Earlier this week, I stepped into the shoes of a blind person for a brief moment, when the organisers of the ASEAN Para Games (APG) hosted a meal with a difference, after a demonstration of two APG sports.

Some participants dined without the use of one or both hands, while I was blindfolded to simulate blindness.

I took some time to orientate myself, and to allow myself to be helped by a "caregiver" in getting my food from the buffet line, and told where each dish was placed on my plate.

I eventually took off my blindfold five minutes into the meal, having to return a text message, at which the coordinator said:

"You can easily take off your blindfold but, for our athletes, this is forever."

That struck a chord for me, and deepened my appreciation for the visually impaired people here.

Not many able-bodied people may have had the same experiences as my fellow participants and I, but I was actually heartened by the response that many had in the ASEAN Para Games transport debacle yesterday.

The fact that people are angry that our para-athletes might be treated as "second-class citizens" at the APG, compared to the SEA Games athletes, is a positive thing.

They worry about the physical challenge that these athletes face in negotiating fare gates at the MRT stations and the crowd in the trains; they fret over the mental states of these sportsmen before their competitions if they take public transport; they are concerned about people getting lost and turning up late for their events.

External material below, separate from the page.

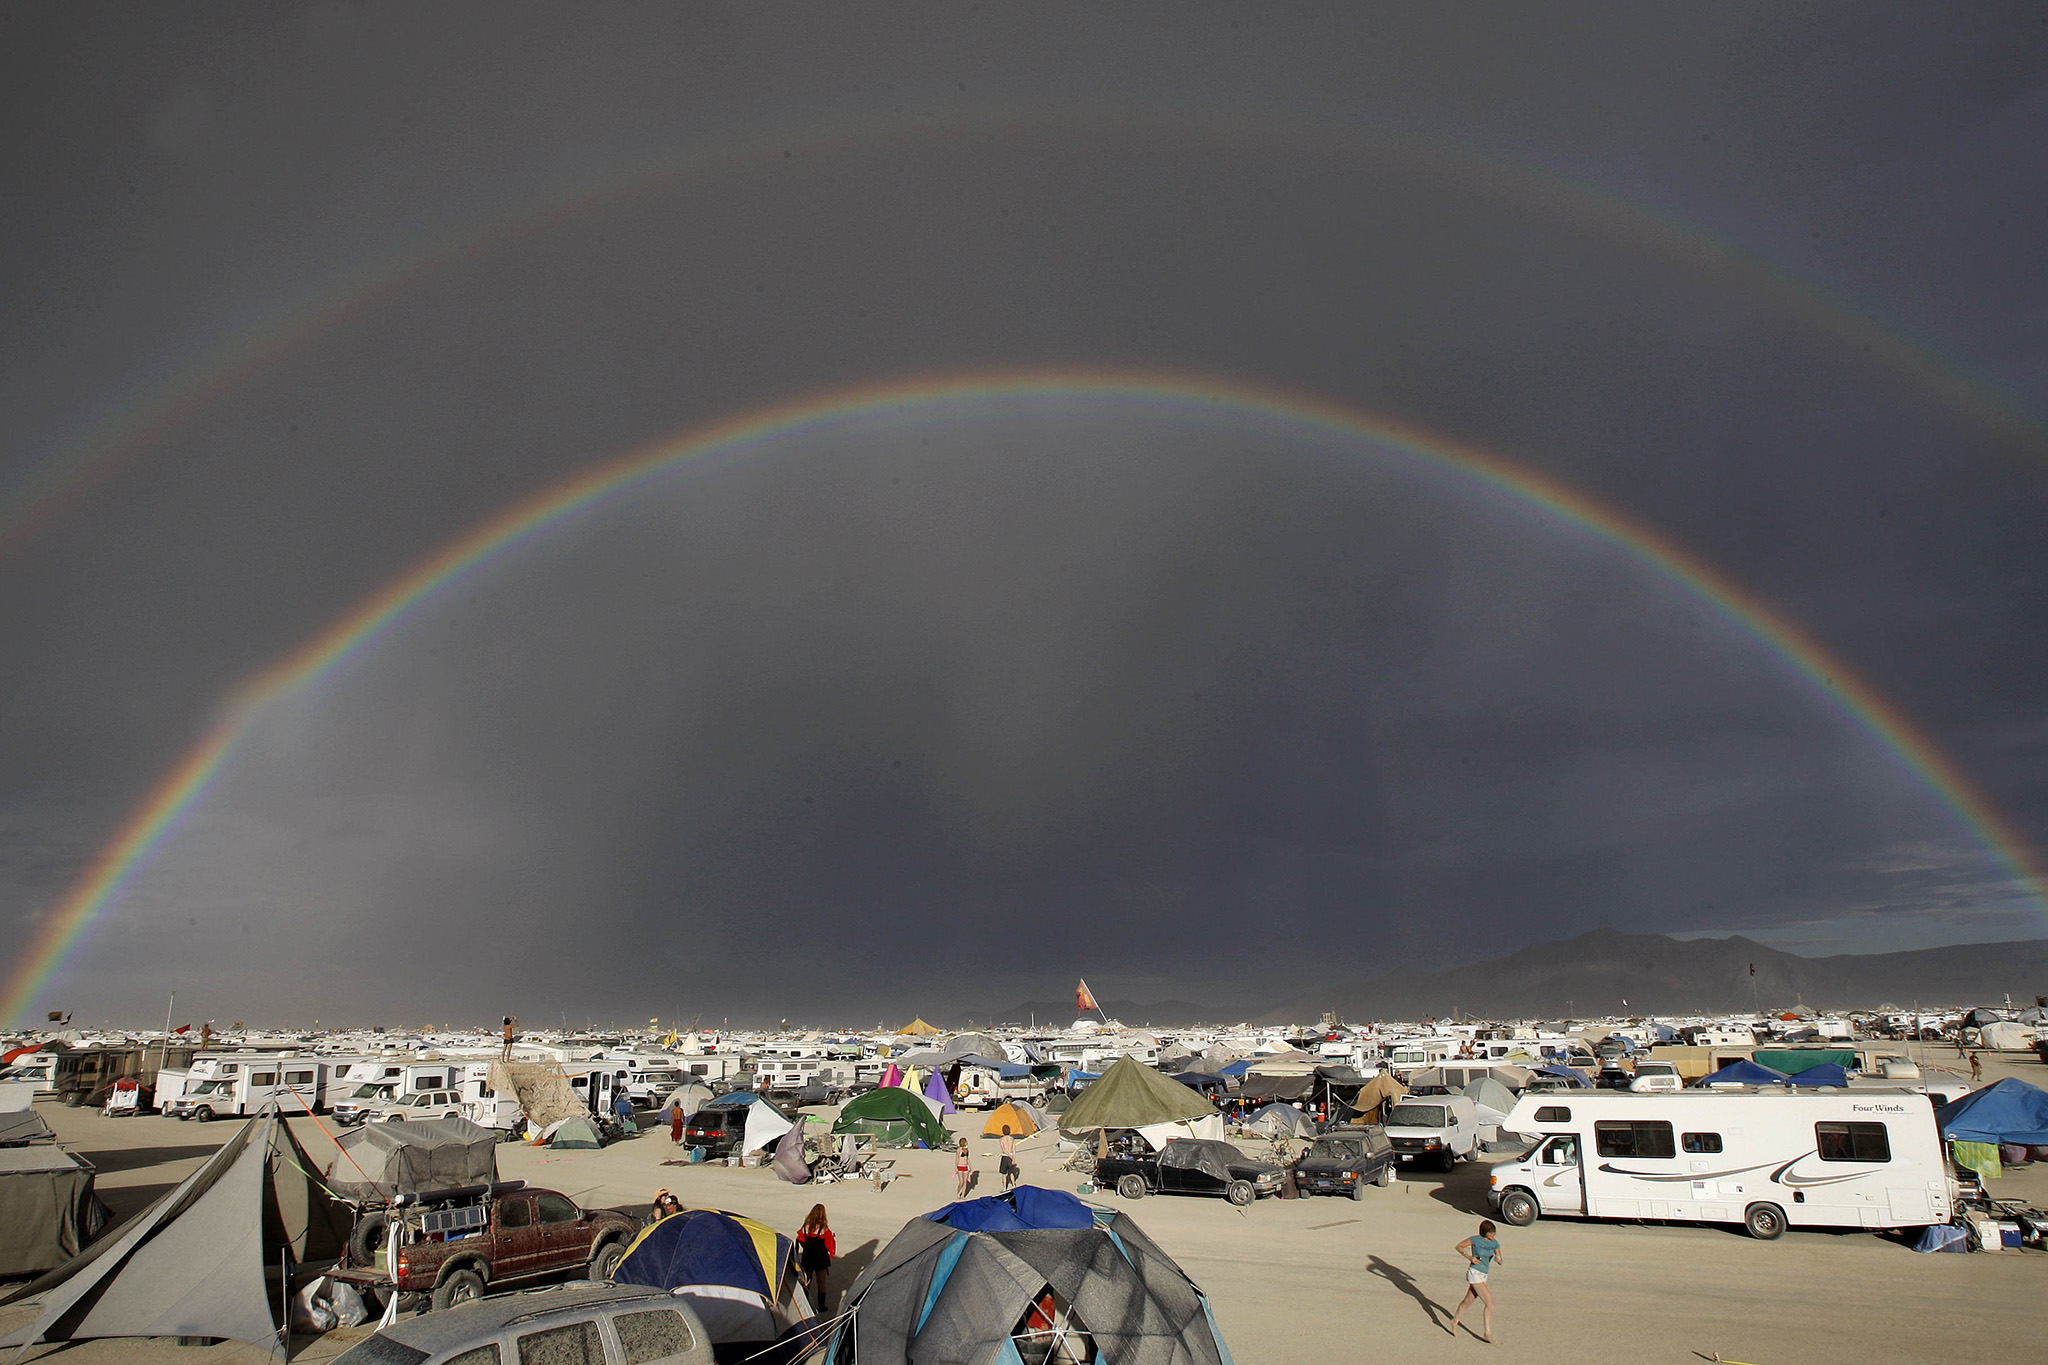 Wind, rain and chilly temps enter Burning Man weather forecast

In short, they empathise and care.

Despite what others might say about how "emotionless" Singaporeans are, we have shown our capacity to openly appreciate, support and care for one another this year - first, at the death of Singapore's founding Prime Minister Lee Kuan Yew, and then the sea of red at the SEA Games in June.

There is no reason, then, that we cannot do the same during the APG this December.

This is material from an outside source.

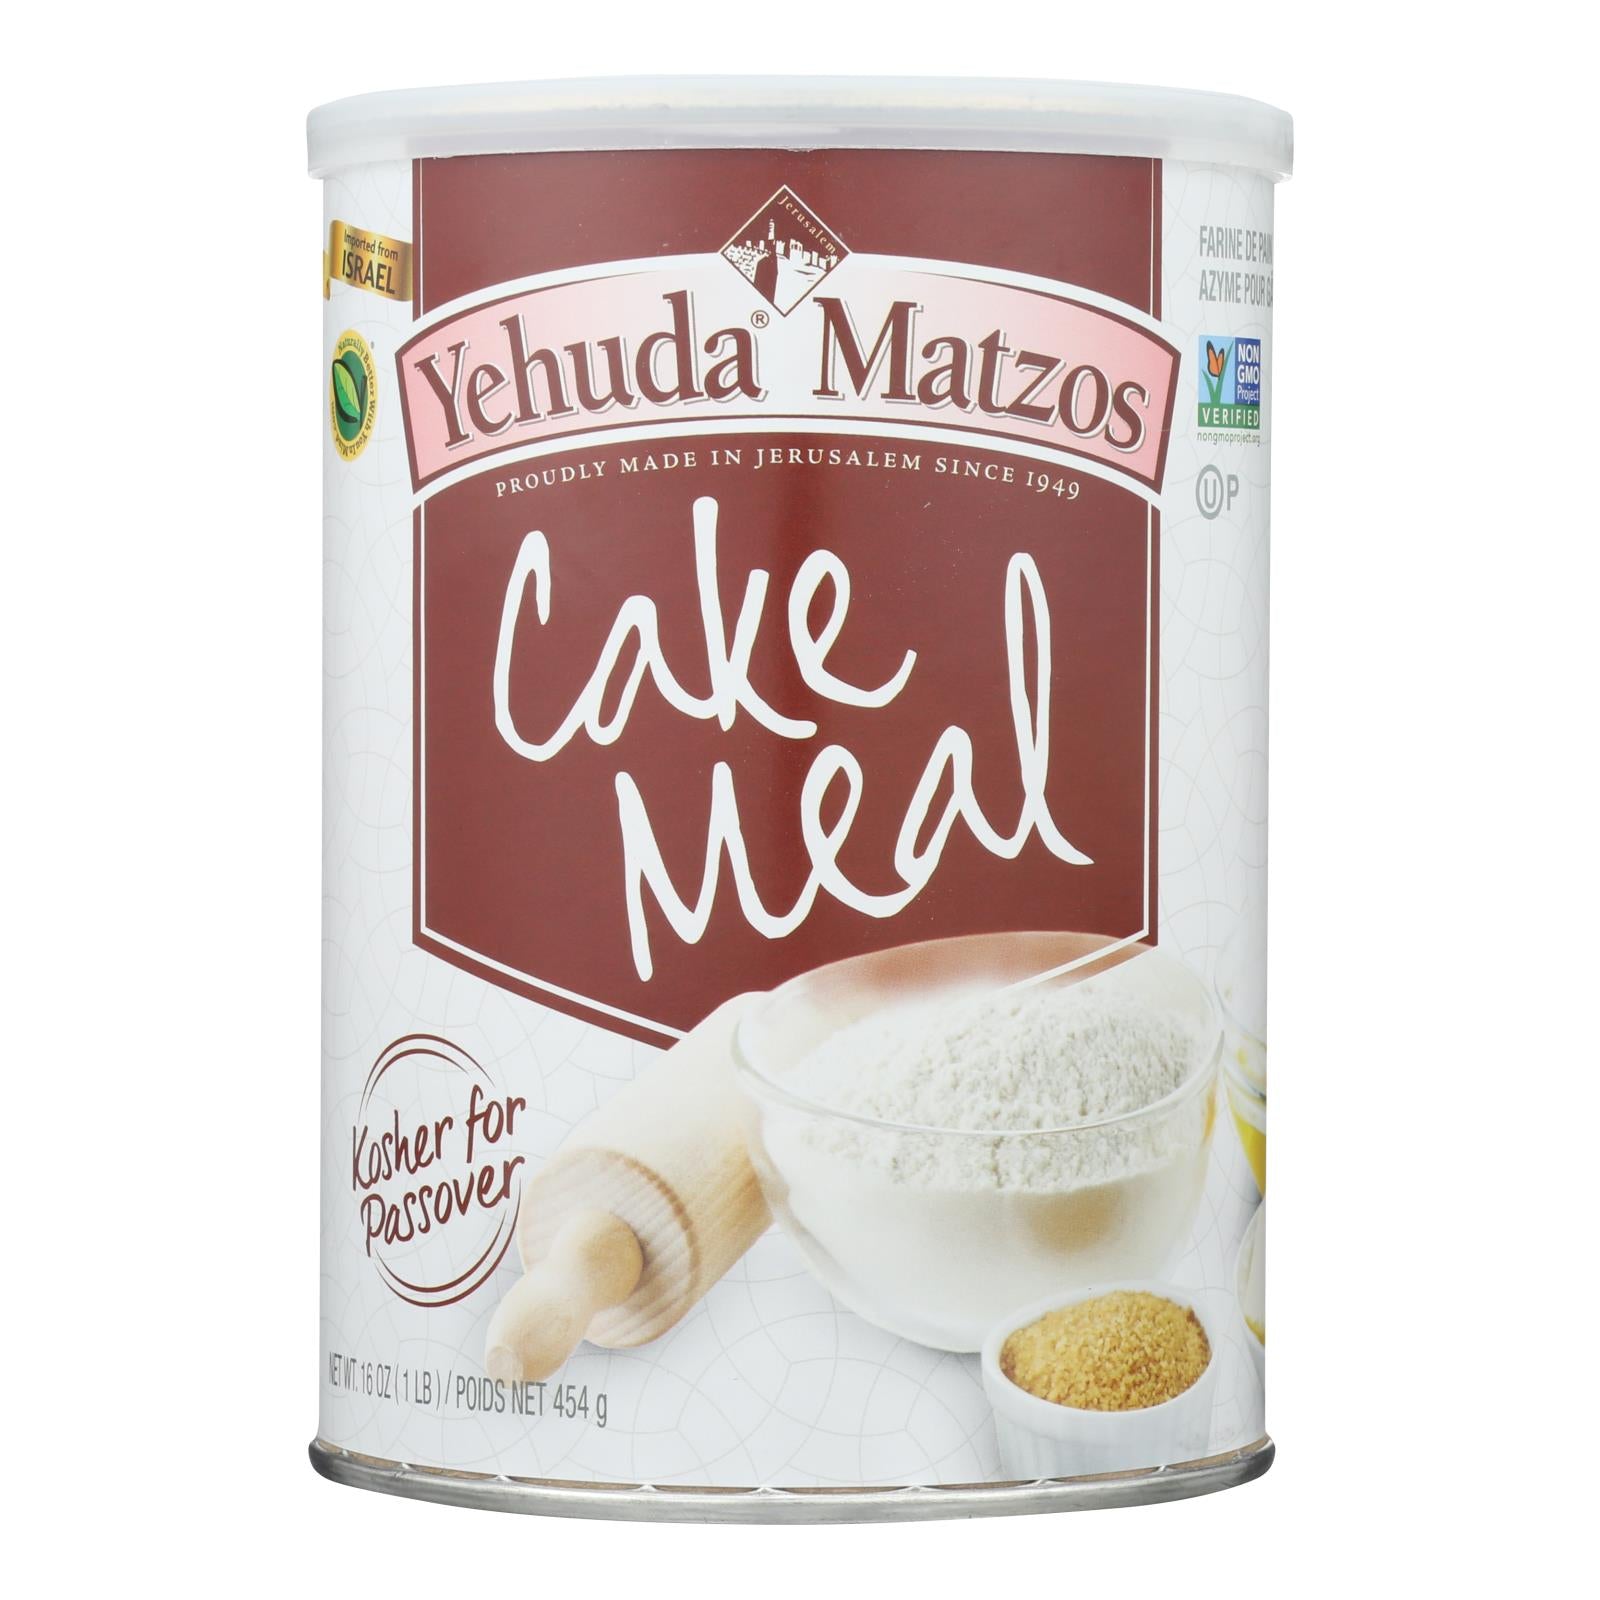 Yehuda - Cake Meal Canister Kosher for Passover - Case of 12 - 16 OZ

Yes, some may have no clue what sports like goalball and boccia are about, but the Games will be a perfect opportunity to learn and appreciate something new.

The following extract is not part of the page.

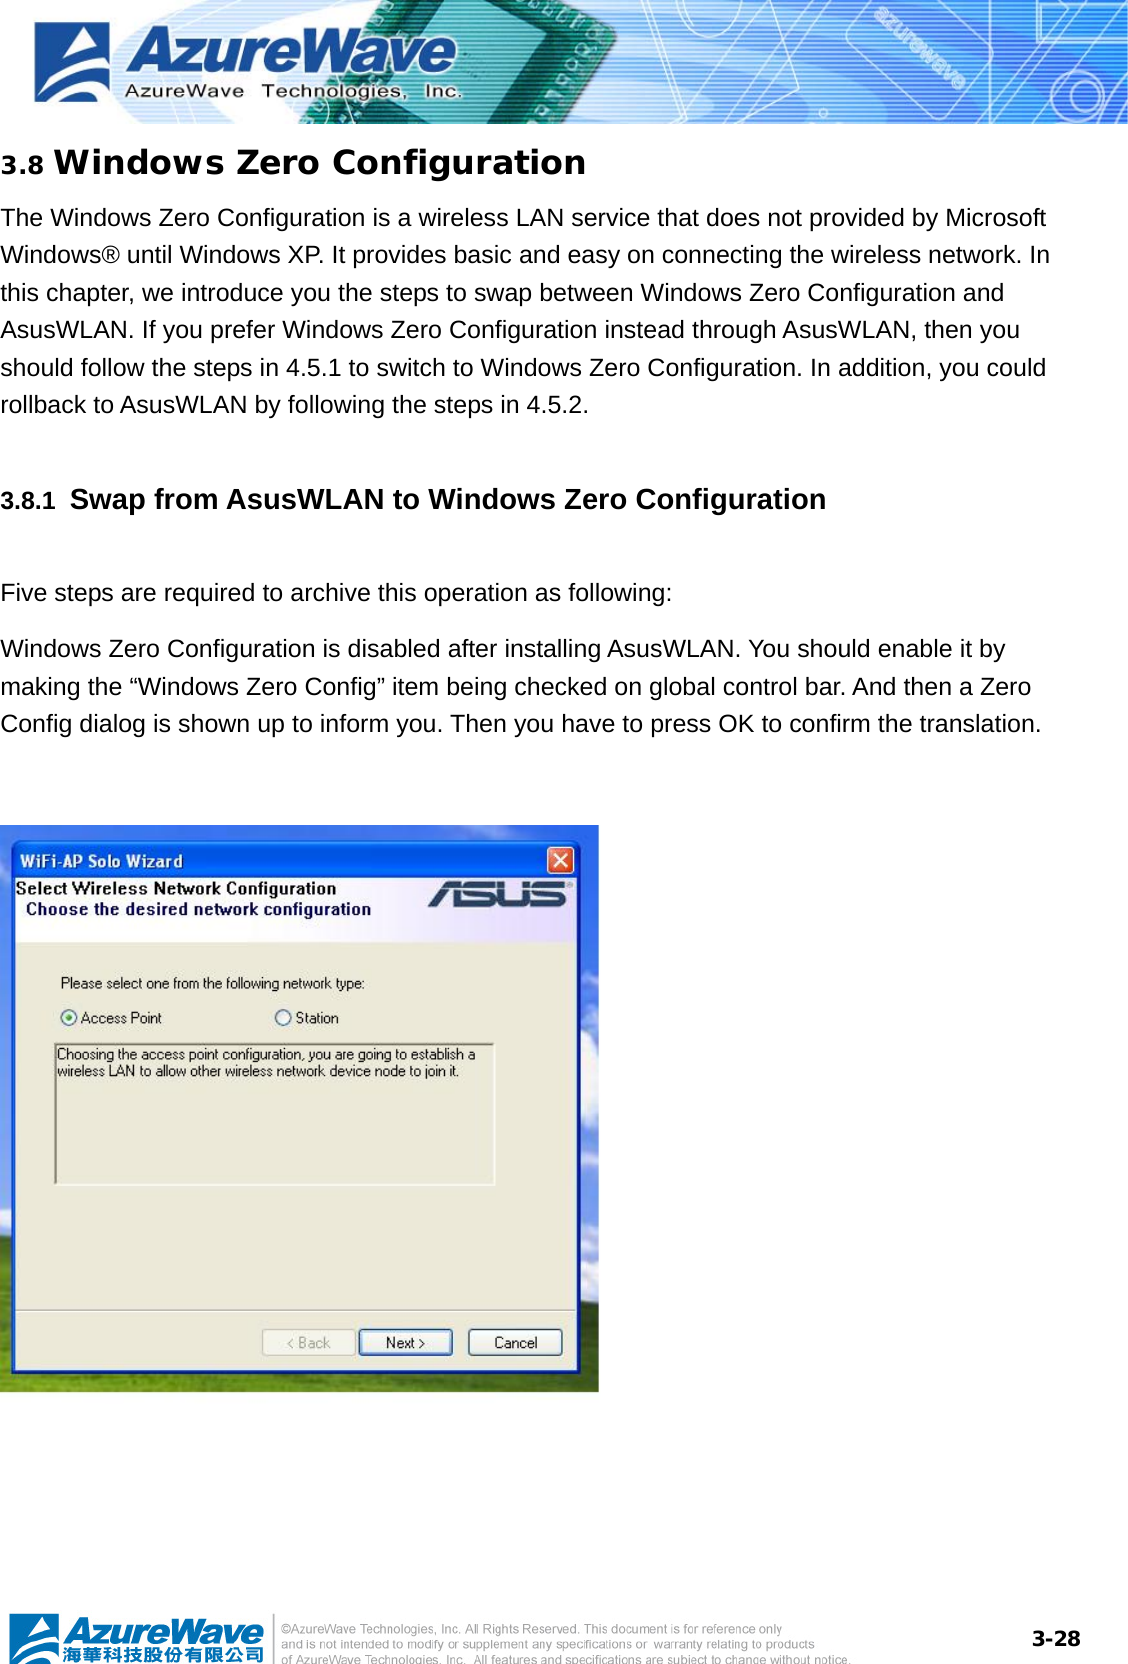  3-283.8 Windows Zero Configuration The Windows Zero Configuration is a wireless LAN service that does not provided by Microsoft Windows® until Windows XP. It provides basic and easy on connecting the wireless network. In this chapter, we introduce you the steps to swap between Windows Zero Configuration and AsusWLAN. If you prefer Windows Zero Configuration instead through AsusWLAN, then you should follow the steps in 4.5.1 to switch to Windows Zero Configuration. In addition, you could rollback to AsusWLAN by following the steps in 4.5.2. 3.8.1  Swap from AsusWLAN to Windows Zero Configuration Five steps are required to archive this operation as following: Windows Zero Configuration is disabled after installing AsusWLAN. You should enable it by making the “Windows Zero Config” item being checked on global control bar. And then a Zero Config dialog is shown up to inform you. Then you have to press OK to confirm the translation.

After all, one does not need to pay to watch any of the 15 sports, and there will be plenty for individuals and families to do at the Sports Hub and the Marina Bay Sands (MBS) - the two main areas of competition.

You may even get to interact with the APG athletes if they choose to take the MRT train between the MBS, where they are staying, and the Sports Hub.

Even if you are too shy, a smile, a pat on the back, a simple "good luck" or "good job" can go a long way in lifting their spirits after a bad day, or propelling them to perform above themselves.

After all, whether they are Paralympic champions, or Asian Para Games gold medallists, or debutants who have picked up a sport barely a year ago, they all have overcome their physical limitations to pursue greatness.

Regardless of their physical stature, they have slayed their personal demons to stand tall in sport.

With your help, they can become giants who deserve plaudits.